Dynamics 365 Business Central: User Management & Permissions (The Complete Admin Guide)

Why this matters

Good access control keeps your data safe, your auditors happy, and your users productive. Business Central (BC) gives you flexible building blocks—users, permission sets, user groups, and security filters—to implement least-privilege access without slowing the business down.

Quick glossary

  • User: A person (or app) authenticated via Microsoft Entra ID (Azure AD) who can sign in to BC.

  • Permission set: A named bundle of table/data permissions (Read, Insert, Modify, Delete, Execute). Comes from the system, Microsoft/ISV extensions, or your tenant.

  • User group: A reusable container of permission sets, assignable to many users at once (optionally scoped by company).

  • Security filter: A record-level filter (by table/field) attached to a permission set to limit which rows a user can see or change.

  • Entitlement: License-level rights the tenant inherits from your BC license; not editable by admins.

  • Profile (Role Center): UI layout and role experience—not security. Helpful for UX, but separate from permissions.

The building blocks (and where to find them)

Use Tell Me (Alt+Q) to jump to these pages:

  • Users – create/enable/disable users; set company-by-company defaults and time zones.

  • Permission Sets – create, copy, record, and maintain permissions.

  • User Groups – bundle permission sets; assign to users by company.

  • Effective Permissions – analyze a user’s final access across all sources.

  • Change Log – audit who changed what, where.

  • Sessions – see who’s currently connected and end stale sessions.

A secure, scalable setup in 7 steps

1) Prepare identity & licenses

  • Manage identities in Microsoft 365 / Entra ID. Enforce MFA with Conditional Access.

  • Assign appropriate Business Central licenses (e.g., Essentials, Premium, Team Members) before inviting users to BC.

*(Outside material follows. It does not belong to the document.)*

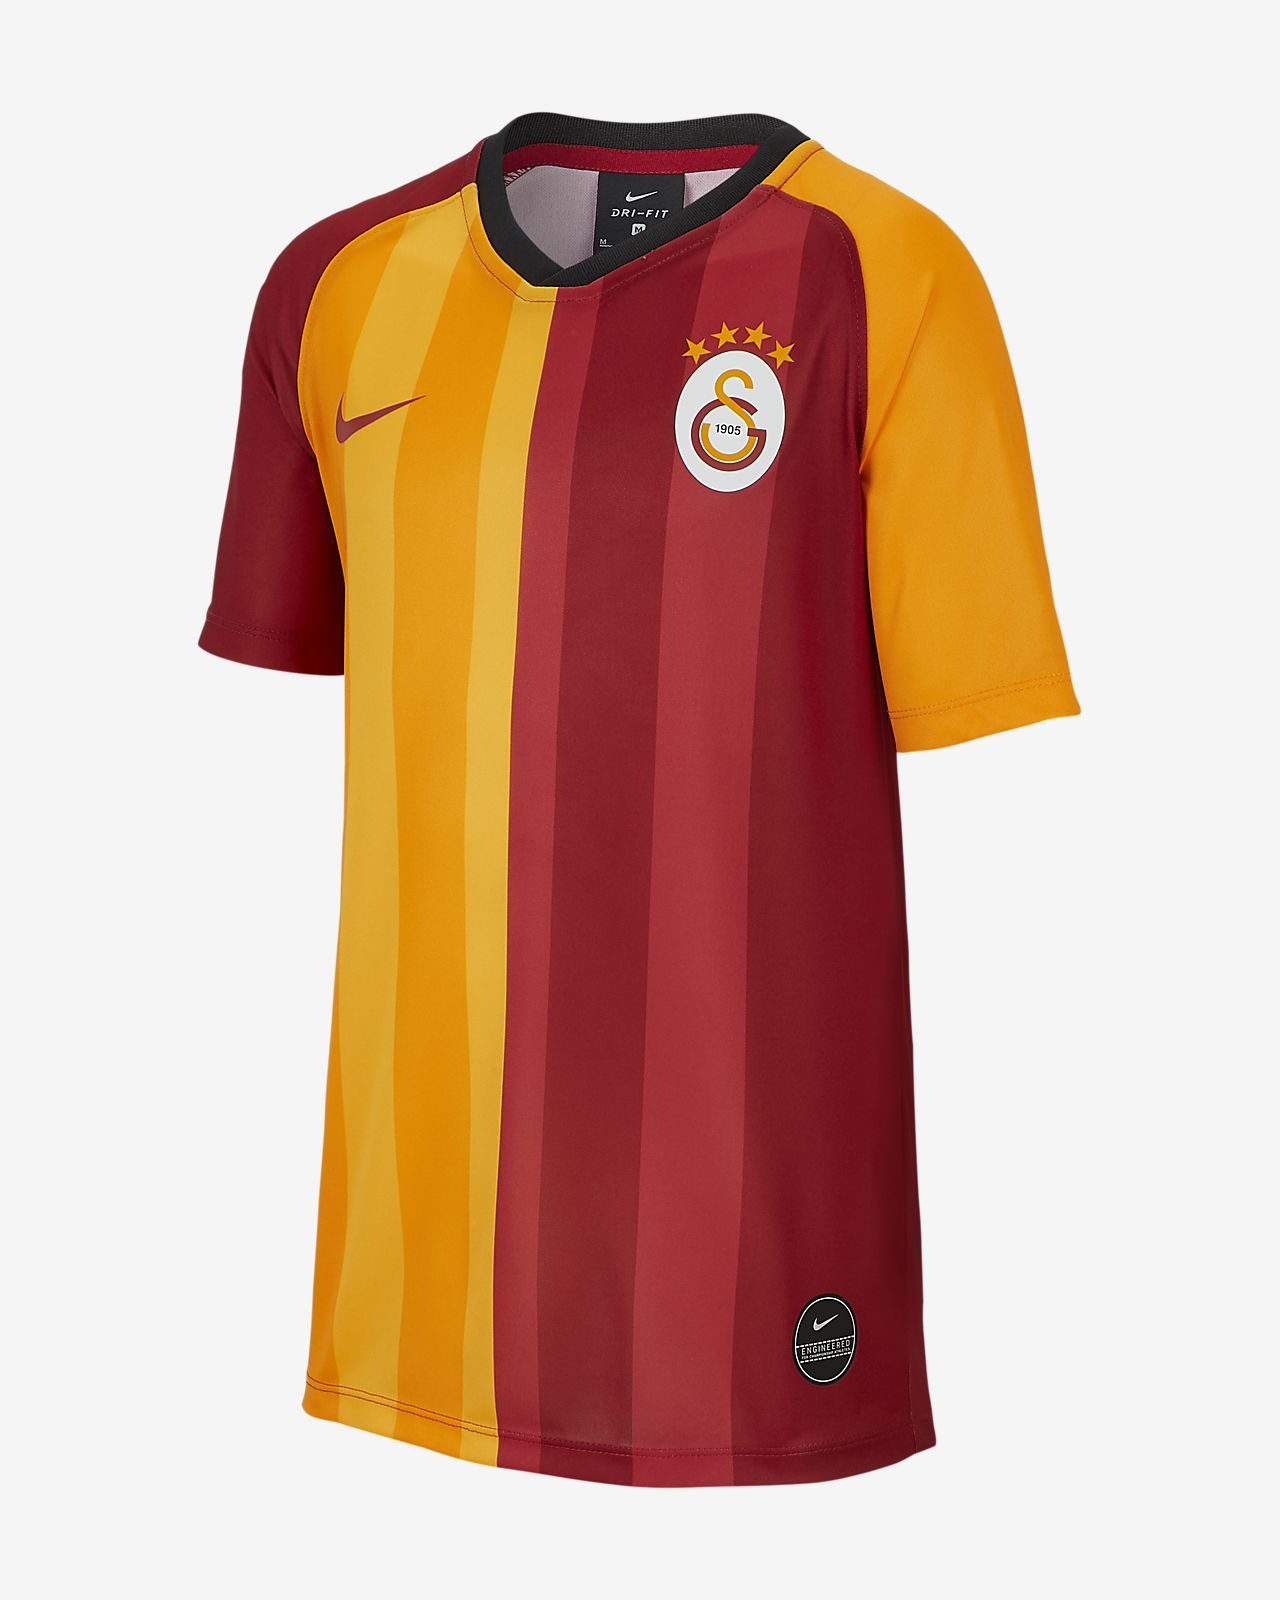 Maglia da calcio a manica corta Galatasaray 2019/20 Home - Ragazzi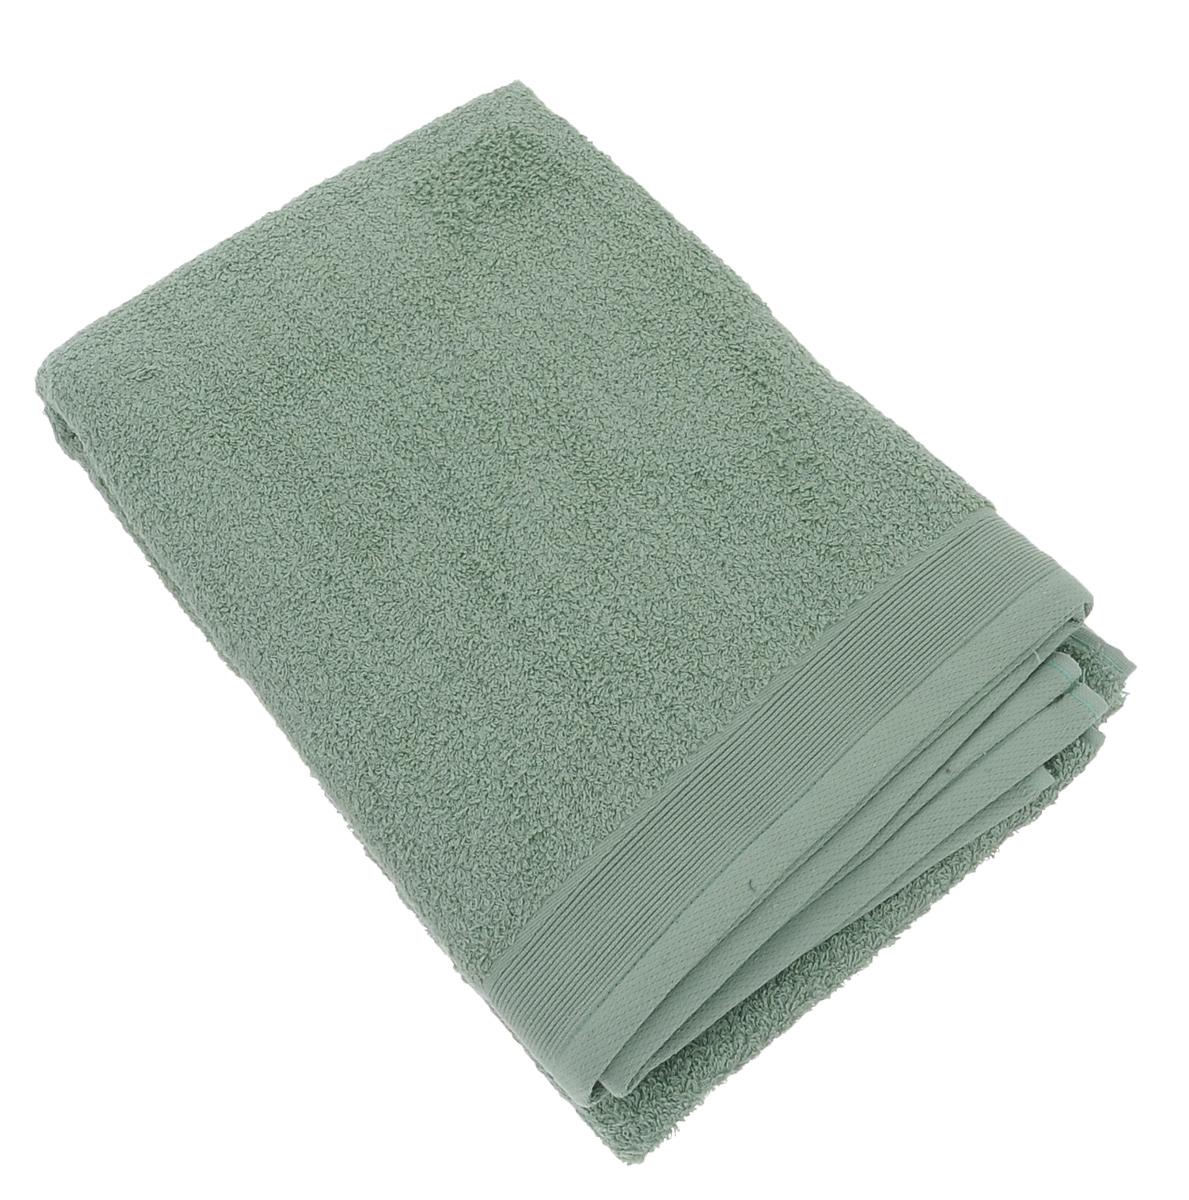 Полотенце махровое Guten Morgen, цвет: светло-зеленый, 100 х 150 см70697В состав полотенца Guten Morgen входит только натуральное волокно - хлопок. Лаконичные бордюры подойдут для любого интерьера ванной комнаты. Полотенце прекрасно впитывает влагу и быстро сохнет. При соблюдении рекомендаций по уходу не линяет и не теряет форму даже после многократных стирок. Плотность: 500 г/м2.

2) Design roles before permissions

Map your organization into job roles (e.g., “AR Clerk”, “Sales Rep”, “Warehouse Picker”). For each role, list the tasks they must perform. This guides which objects (tables/reports/pages/codeunits) they need.

3) Start with Microsoft’s baseline sets, then refine

  • Use Microsoft’s delivered permission sets (and those added by apps) as a starting point.

  • Never give SUPER as a default. Reserve it for a tiny number of admins and use it temporarily for troubleshooting.

4) Build reusable User Groups

  • Create a User Group per role (e.g., “FIN-AP-CLERK”).

  • Add the relevant permission sets to the group.

  • If needed, assign different sets per company within the same group.

  • Add people to groups instead of assigning sets one-by-one.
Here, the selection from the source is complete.